## EXERCISE:
Since the copy must hold text only, transcribe the data below exactly and omit the images.

## RECORDED INFORMATION:

::::

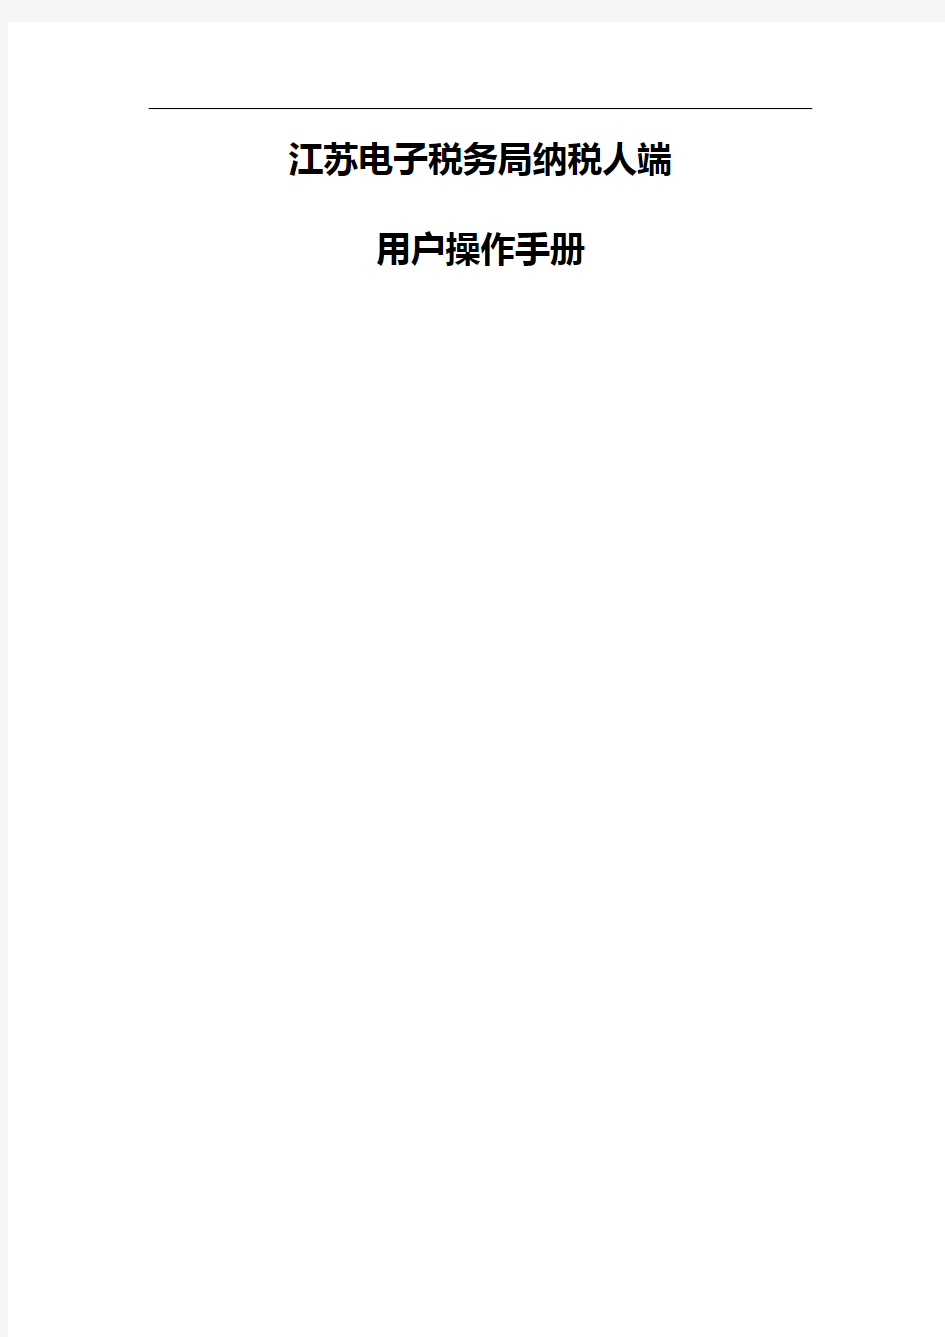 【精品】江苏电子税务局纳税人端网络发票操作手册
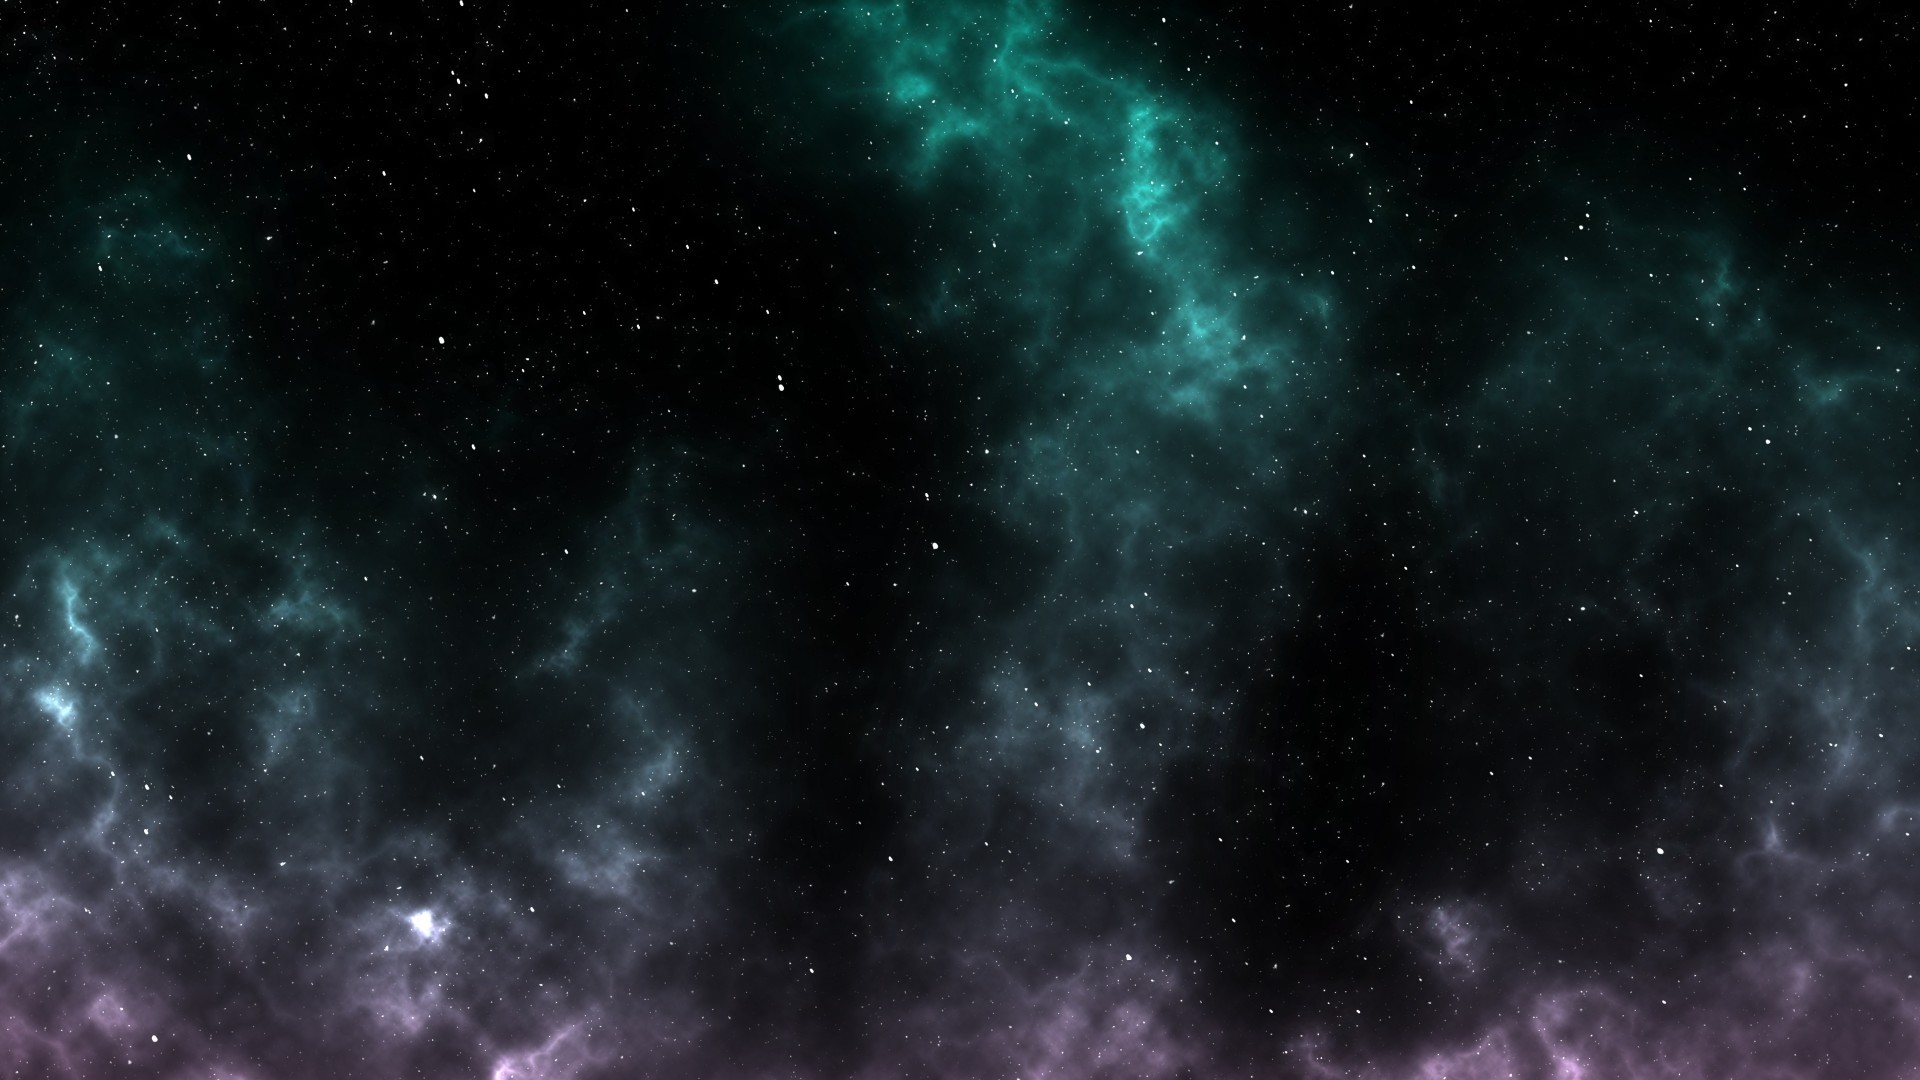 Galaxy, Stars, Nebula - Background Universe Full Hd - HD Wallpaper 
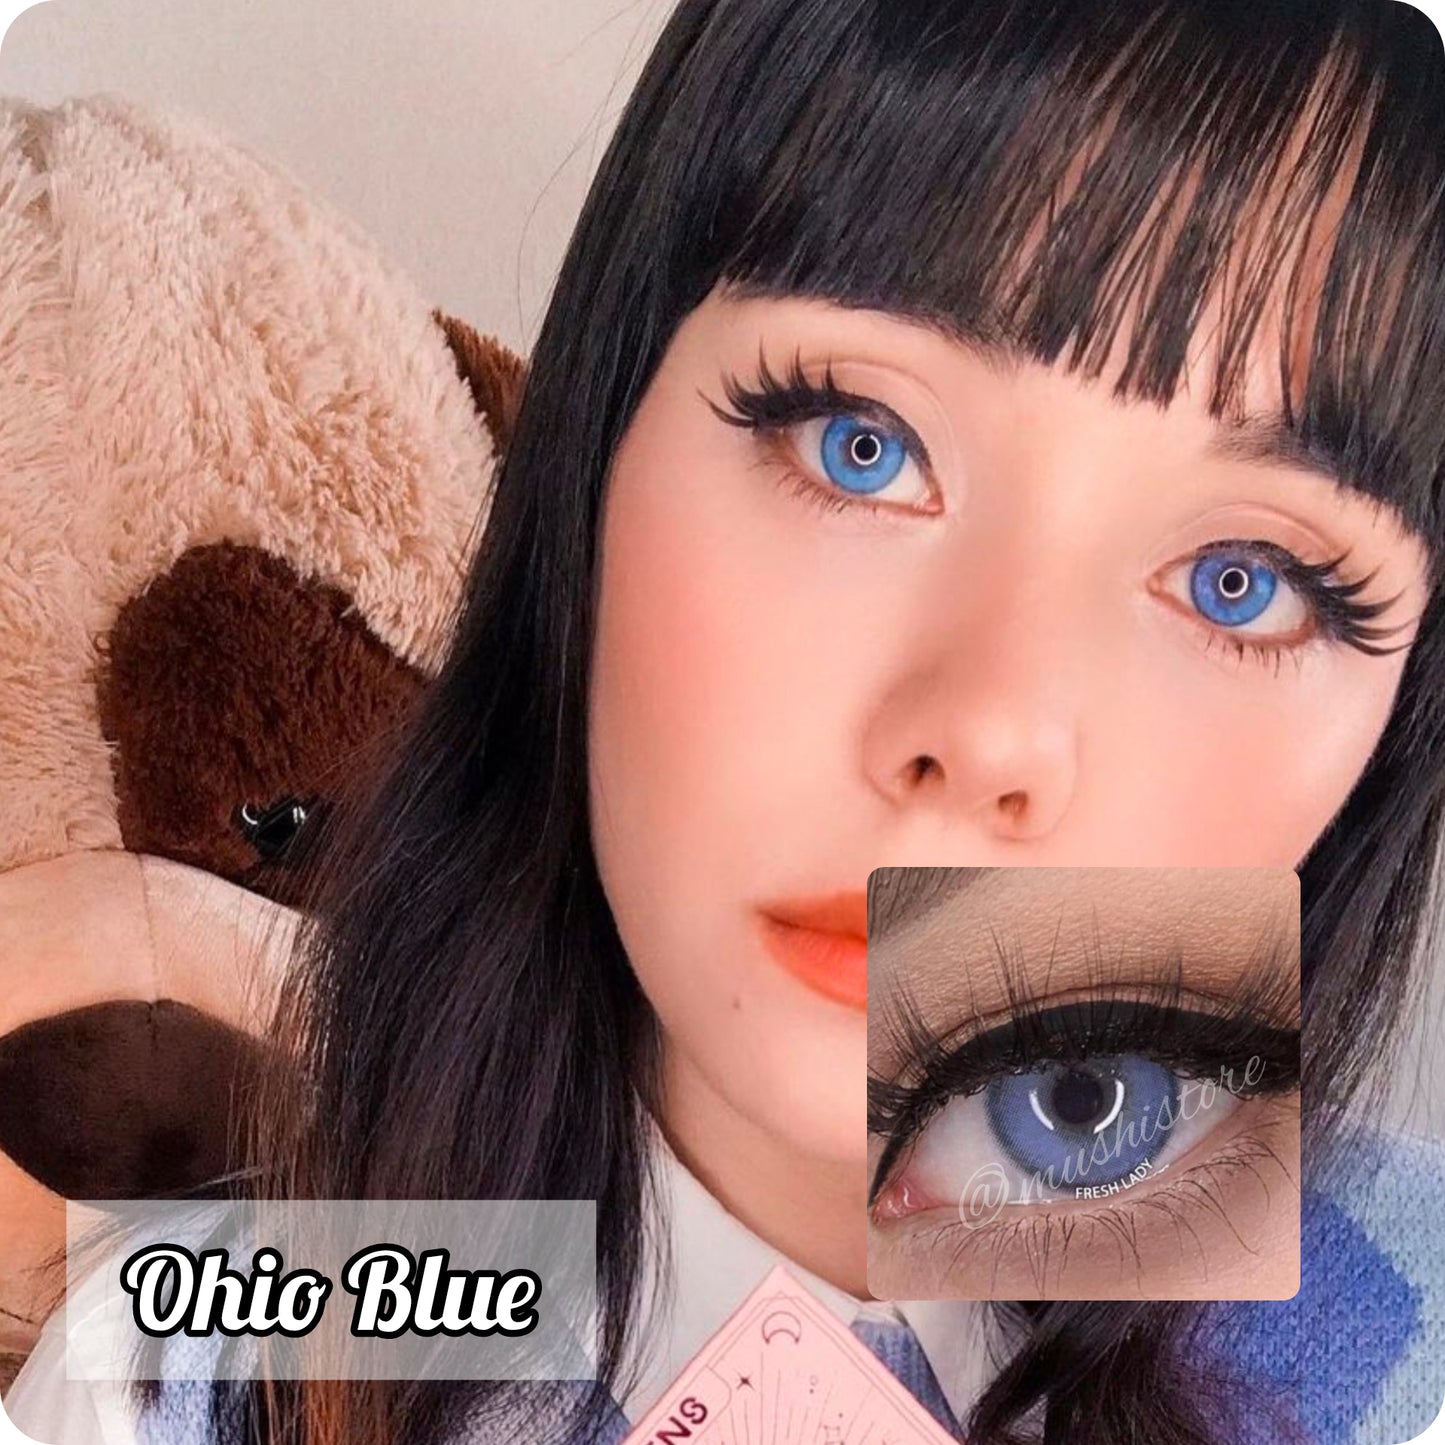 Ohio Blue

::::

## SOLVED EXERCISE:
 【精品】江苏电子税务局纳税人端网络发票操作手册
 Galaxy, Stars, Nebula - Background Universe Full Hd - HD Wallpaper 
 Ohio Blue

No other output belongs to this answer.